Мратникович прочитал им последнюю молитву. У него был прекрасный голос, благозвучный, какой обычно бывает у смиренных и хороших людей. Они были сосредоточены и спокойны. Вновь зачитали приговор, они спокойно его выслушали, и тут пришла очередь одного из них, пониже ростом. Так я запоминаю своих «пациентов». Это был Чубрилович. Сегодня все это знают. Как и то, что он показал себя настоящим героем, сознательно принесшим себя в жертву. Я и сегодня утверждаю, что не могу понять его. Не понимаю это упрямство. Но вы ведь и не ожидаете, что я начну рассуждать о виновности, вы хотите, чтобы я рассказал вам, как это было тем утром. Таким холодным утром, что мои подручные едва успели подготовить виселицу по всем правилам. Я настаивал на этом. Повешение не могло начаться без того, чтобы не были соблюдены все мои инструкции и правила. Чубрилович был крепким мужчиной, решительным, шагал уверенно, совсем не как в последний путь. Вот тут я вам что-то расскажу, чего народ не знает, да и вы, журналисты, тоже. По традиции, насчитывающей несколько столетий, барабанщик, пока на шею надевают петлю, что есть силы колотит в барабан, мелко, быстро. Если приговоренный и хотел бы что-то сказать, услышать его мог только палач. То есть я. Так вот, Чубрилович ничего не сказал. Как будто барабанщик оборвал его, я смотрел, как он молча открывает и закрывает рот. Наверное, хотел что-то сказать. Но не сумел, да будет ему земля пухом. То, что газеты написали, будто он крикнул, насколько я припоминаю: «С Богом, да здравствует народ, да здравствует…» — это неправда. Ничего он не сказал. Разве что в самом начале. Когда встал под столб, начал снимать галстук и воротничок. Я хотел помочь ему, потому что тот с трудом отстегивался, а он мне спокойно так сказал: «Не надо, я сам!» Так и сказал, не надо, я сам.

Вторым был Йованович, взвинченный, лихорадка его колотила, но собрался все-таки. И его слова оборвал барабанщик. Но мне кажется, он все-таки крикнул что-то вроде: «Да здравствует народ!» Ладно, а может: «Долой Австрию!» Что тут поделаешь, они нам императора убили. Так кто-то написал, и это совершенно верно.

Илич, Данило, самый серьезный из них, он мне показался самым странным. Есть такие приговоренные, которые вроде бы как присутствуют, но их нет, где-то они в своих собственных мыслях. Простились со здешним миром, хотя еще не отправились туда, где мы все будем. Кто-то толкует такое состояние так, кто-то — эдак. Говорят о твердости, убежденности, откуда я знаю. Не умею читать чужие мысли, говорю только то, что сам видел и слышал. Вот вам и все. Как видите, ничего особенного, я вам днями напролет могу рассказывать о всех тех, кого я со своими подручными перевешал за три года той страшной войны. Бывает, проснусь ночью в поту, увидев их, толпящихся вокруг меня, душащих меня. Уголовники мне никогда не снились. Политические — да, во время войны и после, и по сей день. Молодой Влайко Вешович, которого я повесил в Колашине. Он мне часто снится. Но во сне он мне кажется ростом выше и красивее, я бы сказал, как святой выглядит.

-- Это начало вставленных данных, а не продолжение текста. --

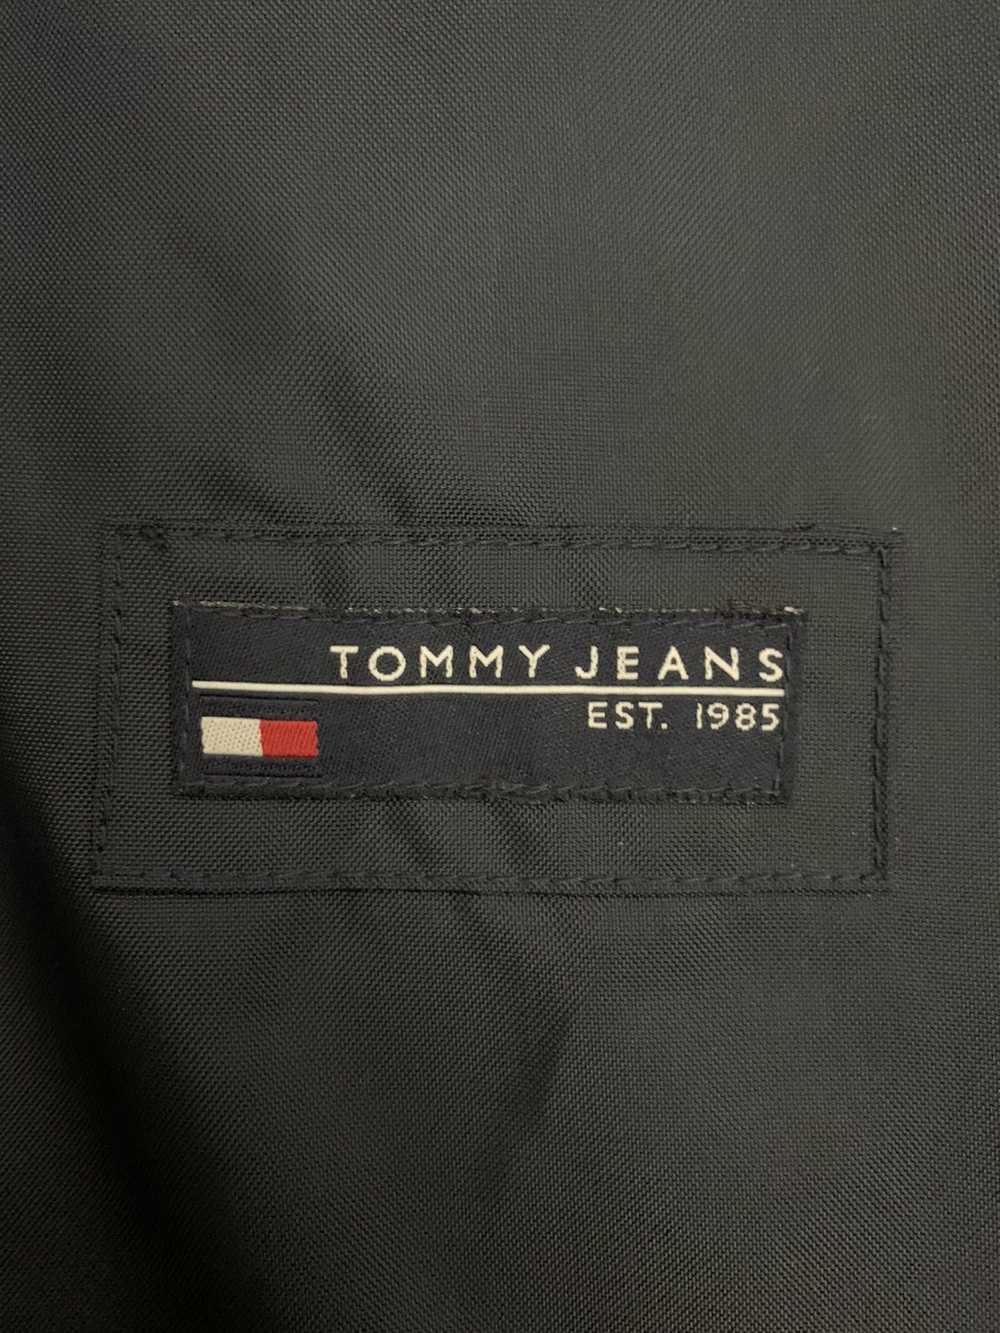 Tommy Jeans Tommy jeans jacket - image 4

Вы все еще думаете, что именно я во всем этом виноват, я знаю, не надо мне это подтверждать. Многие мне так говорили. Не буду вам сейчас рассказывать, чего я натерпелся, но должен повторить то, что вы и сами прекрасно знаете. Сам император, пресветлый Франьо Йосиф, отказался помиловать приговоренных на процессе заговорщиков. Что я тут мог поделать? Отказаться казнить их и уволиться со службы? Кому бы это помогло? Разве плохо, что казнь была совершена идеально, как я это привык делать? Скажу вам, хотя вы мне и не поверите: я не знаю, был ли в империи палач лучше меня. Да нет, не здесь, это и без того ясно — в мире! Гуманность, мой господин, гуманность прежде всего. Никому я прежде не говорил, что один из этой троицы, о которой я сейчас рассказывал, не помню, кто именно, сказал мне: «Прошу вас, не мучайте меня долго!» Я ответил ему, как отвечал многим в течение всей своей жизни, а это более тридцати лет изнурительного труда: «Не беспокойтесь, я мастер своего дела. И секунды не продлится». И под конец еще скажу вам: более спокойных преступников я в жизни не встречал. Именно это спокойствие отличало их от уголовников, которые, как правило, рыдали, теряли сознание и просили о милосердии. Ничего подобного во время всей войны я не слышал ни от одного сербского патриота. Я должен это признать, как бы тяжело мне ни было. Бывало, мне самому хотелось призвать их покаяться, просить о милости, но ни разу не решился. Я не был таким храбрым, как они.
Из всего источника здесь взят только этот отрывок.